*** Material provided Section Begins ***

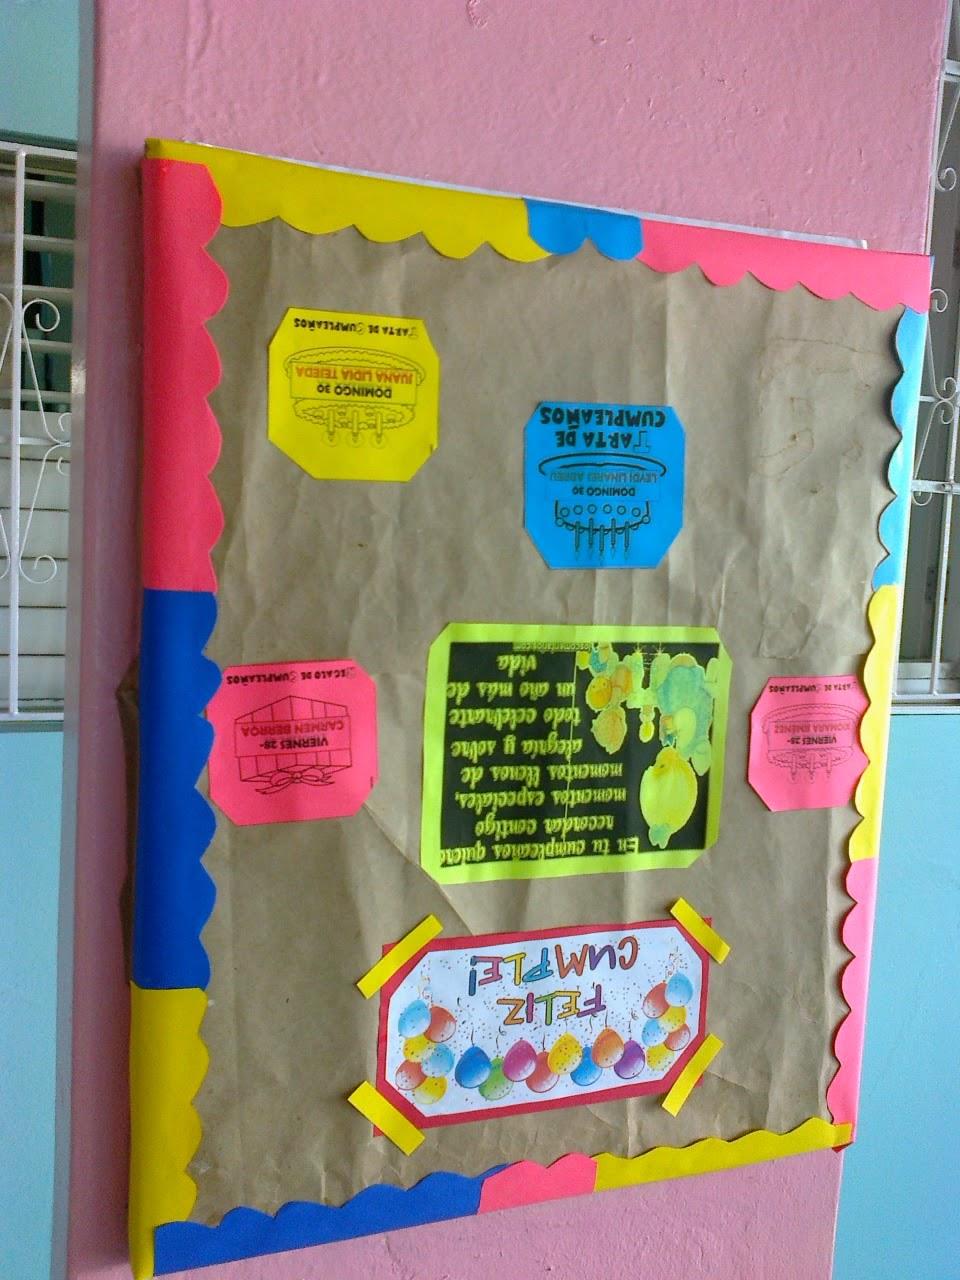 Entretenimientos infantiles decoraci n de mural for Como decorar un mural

*** Material provided Section Ends ***
*** Material provided Section Begins ***

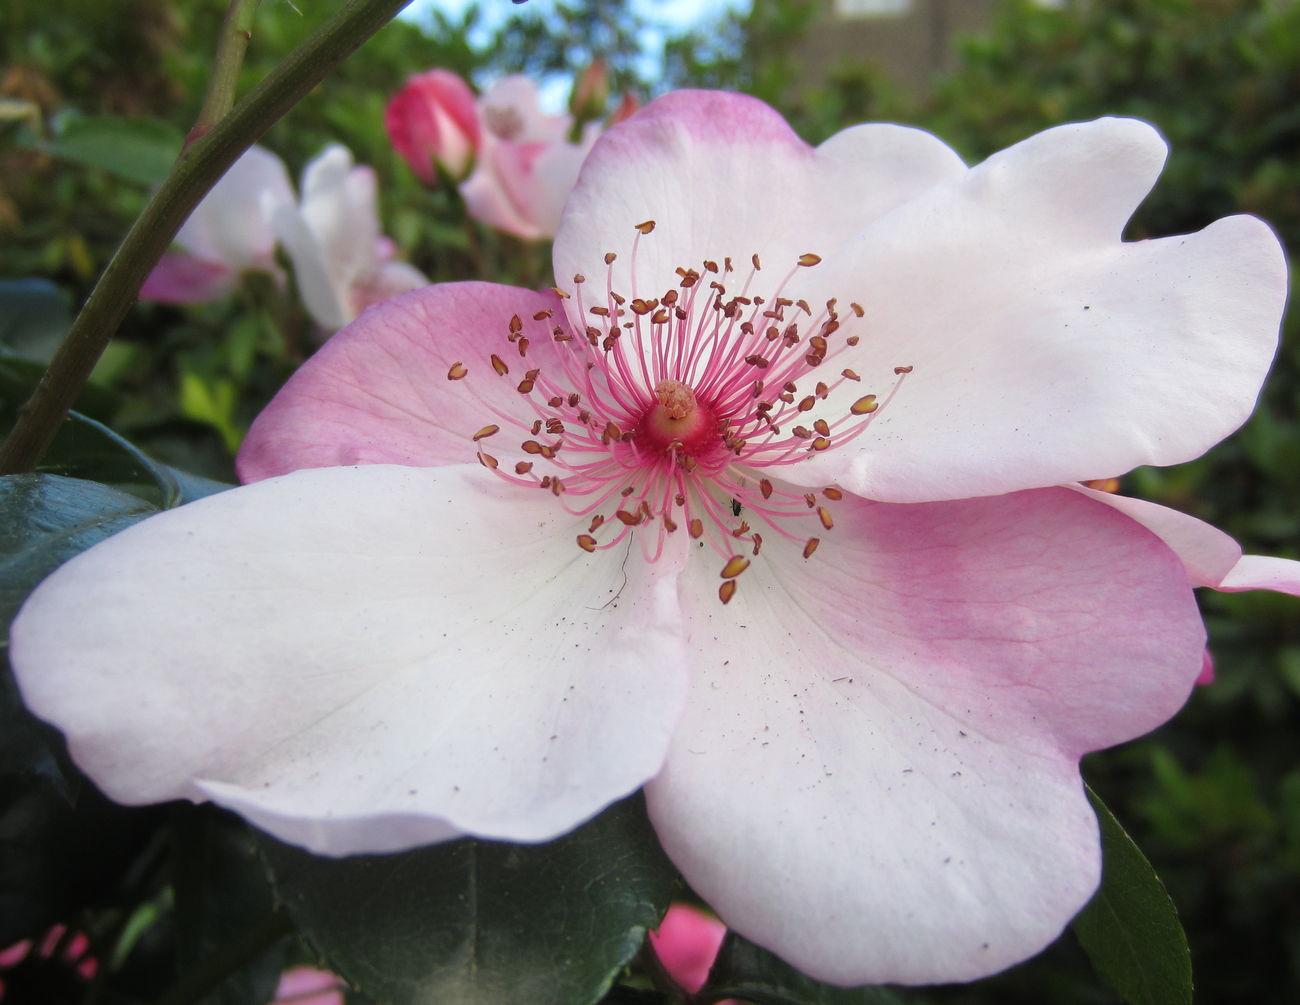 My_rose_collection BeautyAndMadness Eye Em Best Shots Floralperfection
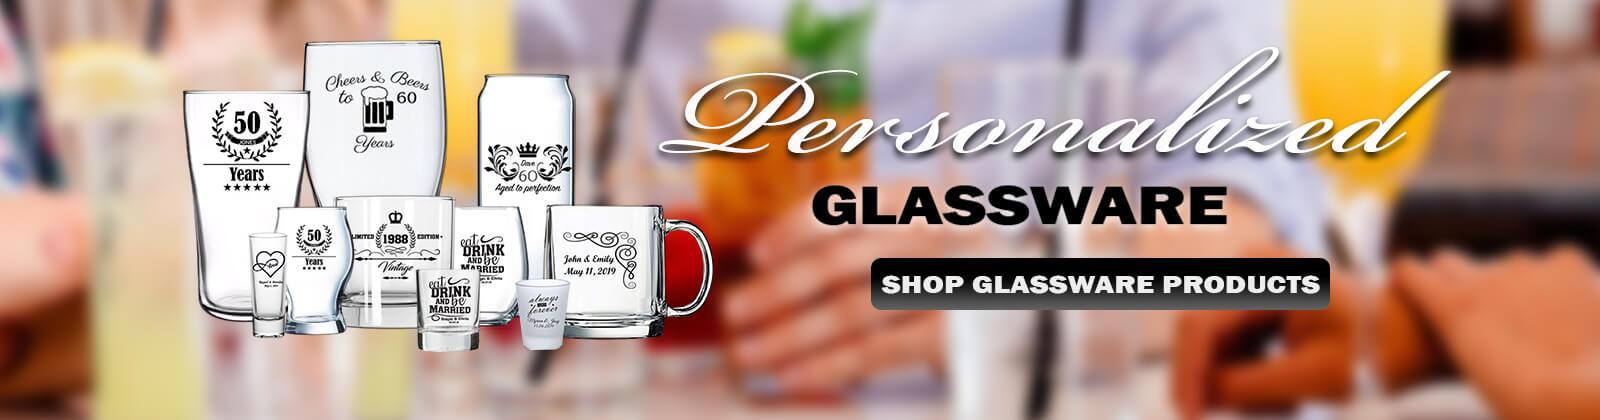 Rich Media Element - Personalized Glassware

*** Material provided Section Ends ***
*** Material provided Section Begins ***

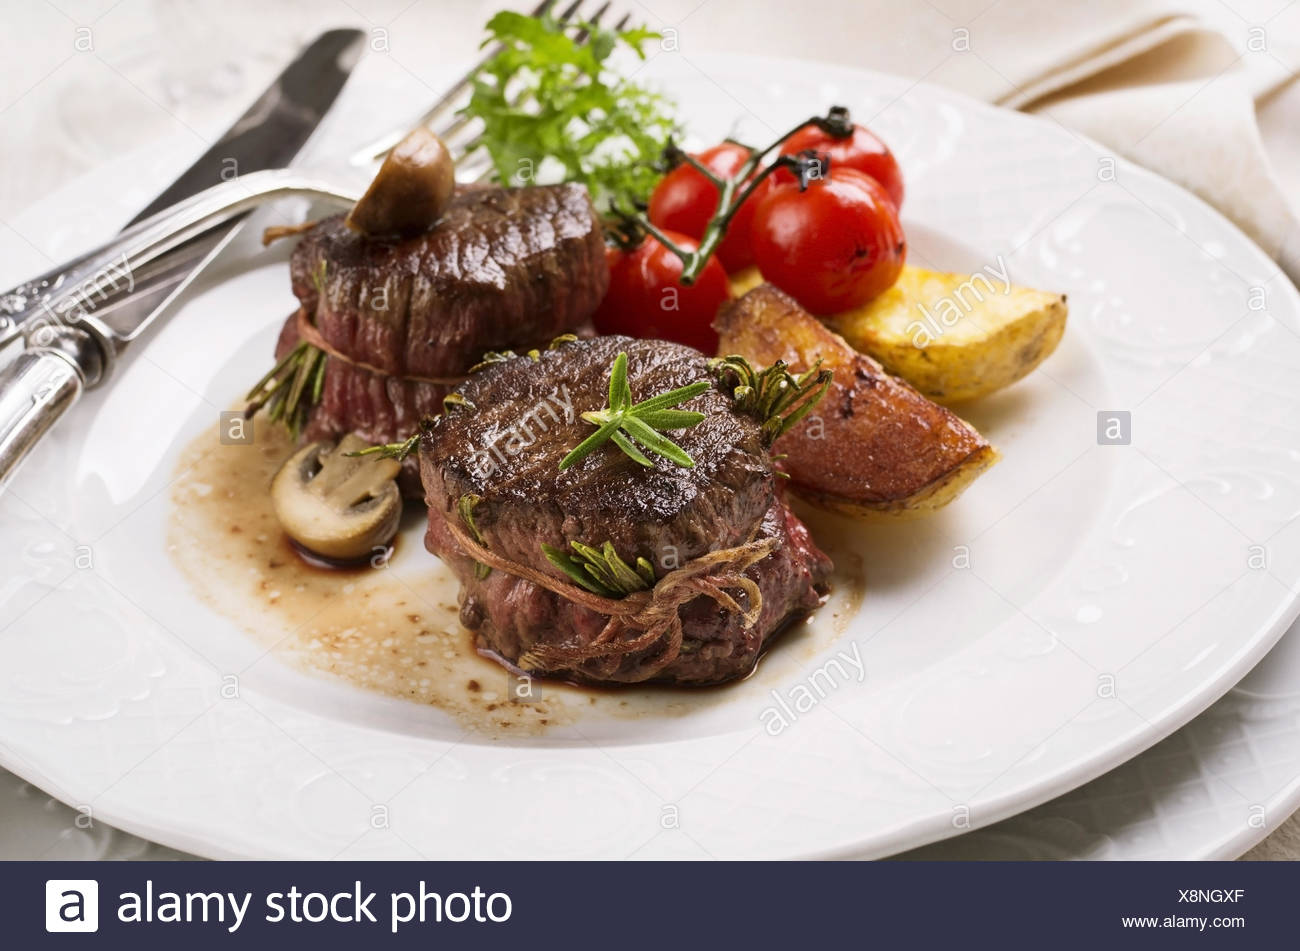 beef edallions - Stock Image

*** Material provided Section Ends ***

→ Task to carry out
Pictures excluded, reproduce only the part above that opens with the line holding "My_rose_collection BeautyAndMadness Eye" and closes with the line holding "Rich Media Element - Personalized Glassware", exactly as written.

→ Output of the exercise
 My_rose_collection BeautyAndMadness Eye Em Best Shots Floralperfection
 Rich Media Element - Personalized Glassware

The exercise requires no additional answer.